I picked up this DVD some 30-years ago in Kim's
Video store in NYC. It turned out to be a Region 2 disc which at the time
I could not play. So, it sat alone, frustrated and forgotten for years till
I figured out how to rip films and was able to do that with any Region. At
the time I bought it, I was under the impression that this had a very good
reputation as one of Peter Seller's better films. It turns out I was wrong
about that. It is generally slammed loudly like the door of a spurned lover.
For a comedy, looking for laughs is hard to find but I still found the film
intriguing and oddly pleasant. It has a European flavor that appealed to
me. The setting in Barcelona or make that Barthalona gives it that feel but
so does the wisp of a plot that is sexy and silly.
Olimpia is a gold digger par excellence.
She has one man giving her a Maserati, another a Porsche and the keys to
his apartment which he is no longer allowed to enter. They adore her and
want to smother her with kisses but she is always looking for a target higher
up on the food chain. She is played by Britt Ekland who at the time was married
to Sellers and simply looks scrumptious. Men are movable pieces to her and
she and her maid are chess players of love. Into this walks a poor singing
matador of small talents but large ambitions. Juan Batista. He announces
to a club owner that I will gladly perform in your club. I sing before the
bull fight, after and during. The impresario (Adolfo Celi) will only hire
him if he is able to seduce Olimpia in three days.
Juan embarks on a brilliant campaign full
of deception, charm, alcohol, fast talk to con her into thinking she has
hit the big time - not with him - but the man he represents - the Count.
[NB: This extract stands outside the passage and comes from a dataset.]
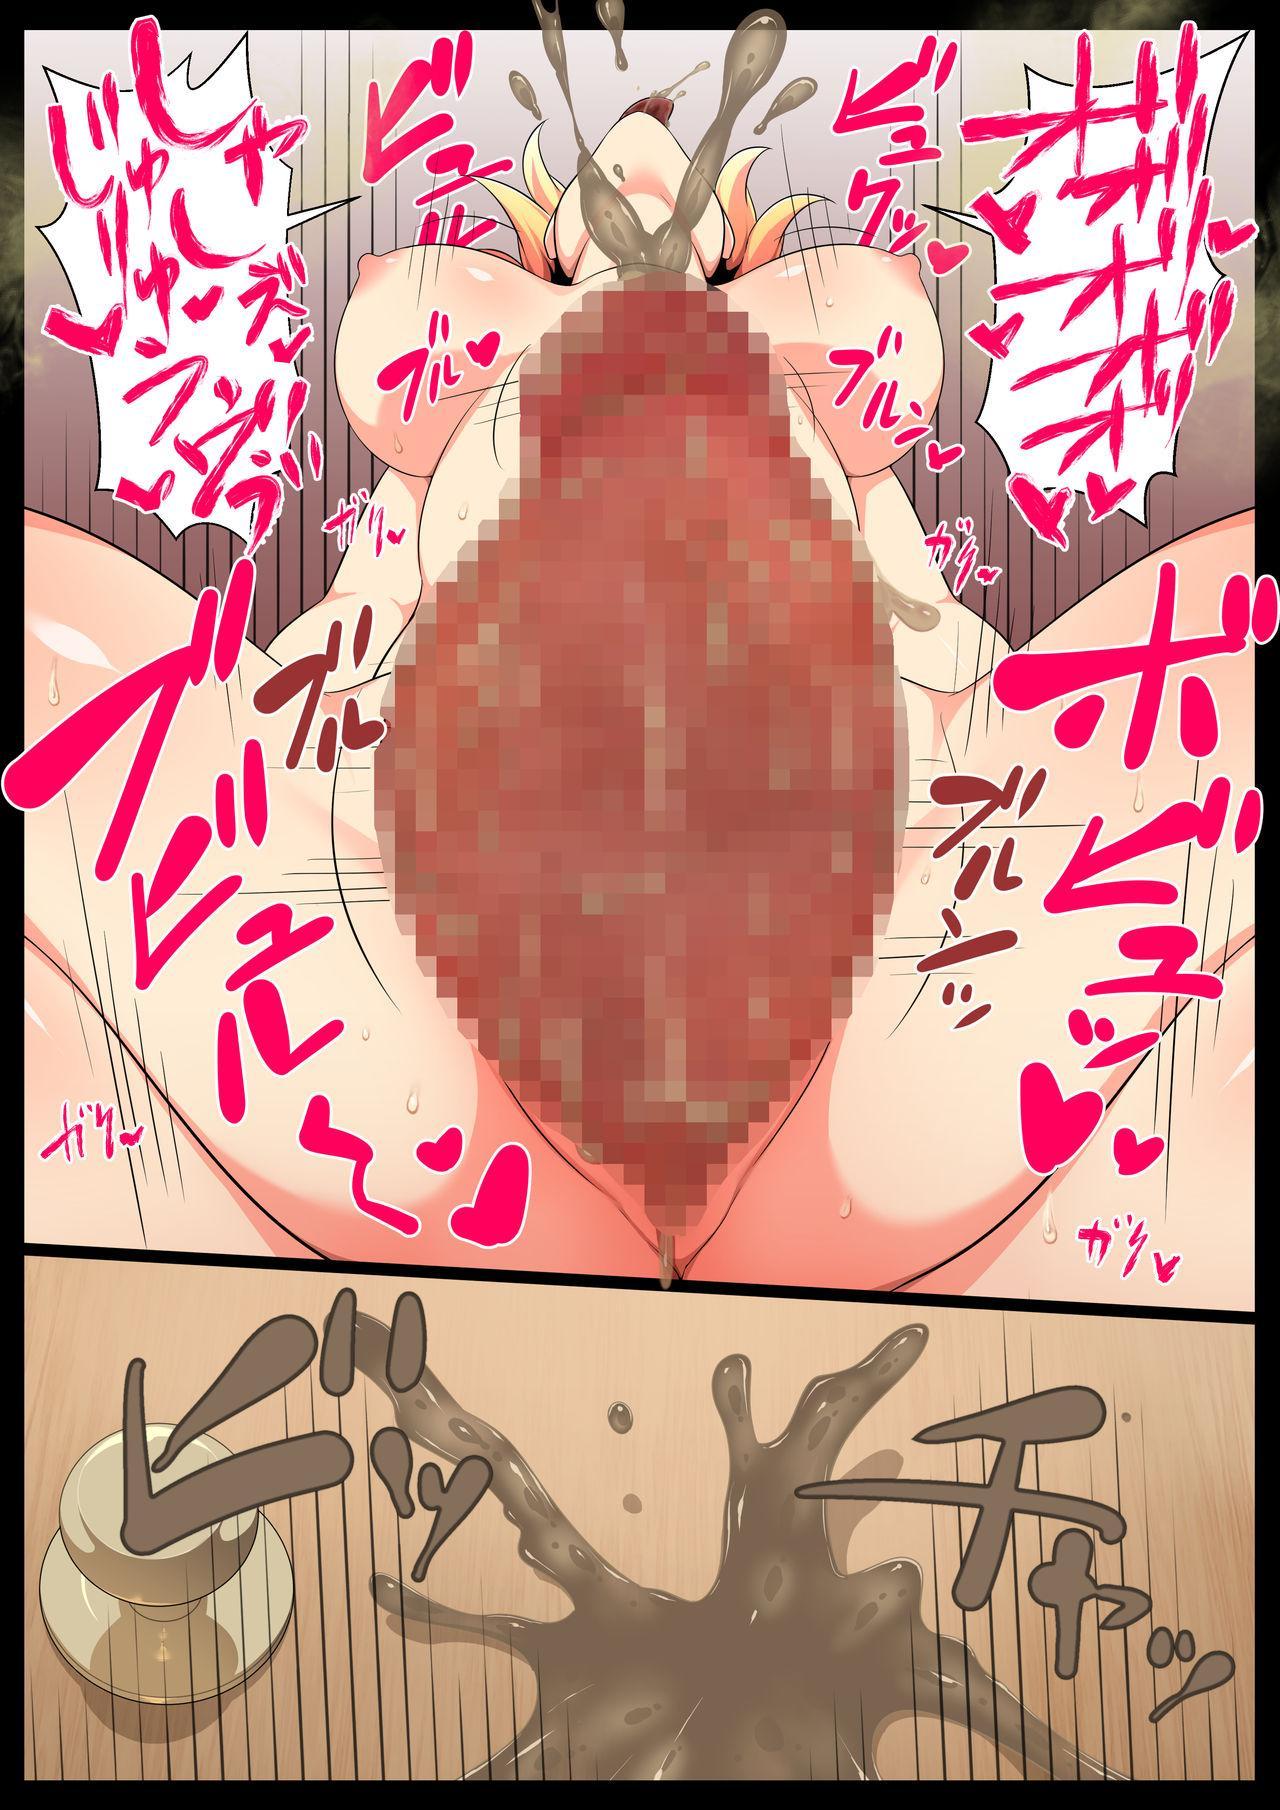 Uchigawa kara Niku o Yogosu 2/Defiling From the Inside 18

Royalty. It really isn't a comedy - more a seduction that plays out as absurd.
Sellers plays it straight-ish - just solemnly telling her lie after lie -
and his abject apologies for the rudeness of the Count are clever. They intersperse
other items into the narrative - a lengthy flamenco dance, a visit to a love
nest where Sellers sings The Girl from Barcelona and of course his comeuppance.
I expect people will go into a Seller's film expecting Pink Panther like
comedy and are quite disappointed that the laughs here are fewer than in
a Godard film. Perhaps it started off as a comedy but somewhere along the
way it becomes a bittersweet portrait of a man.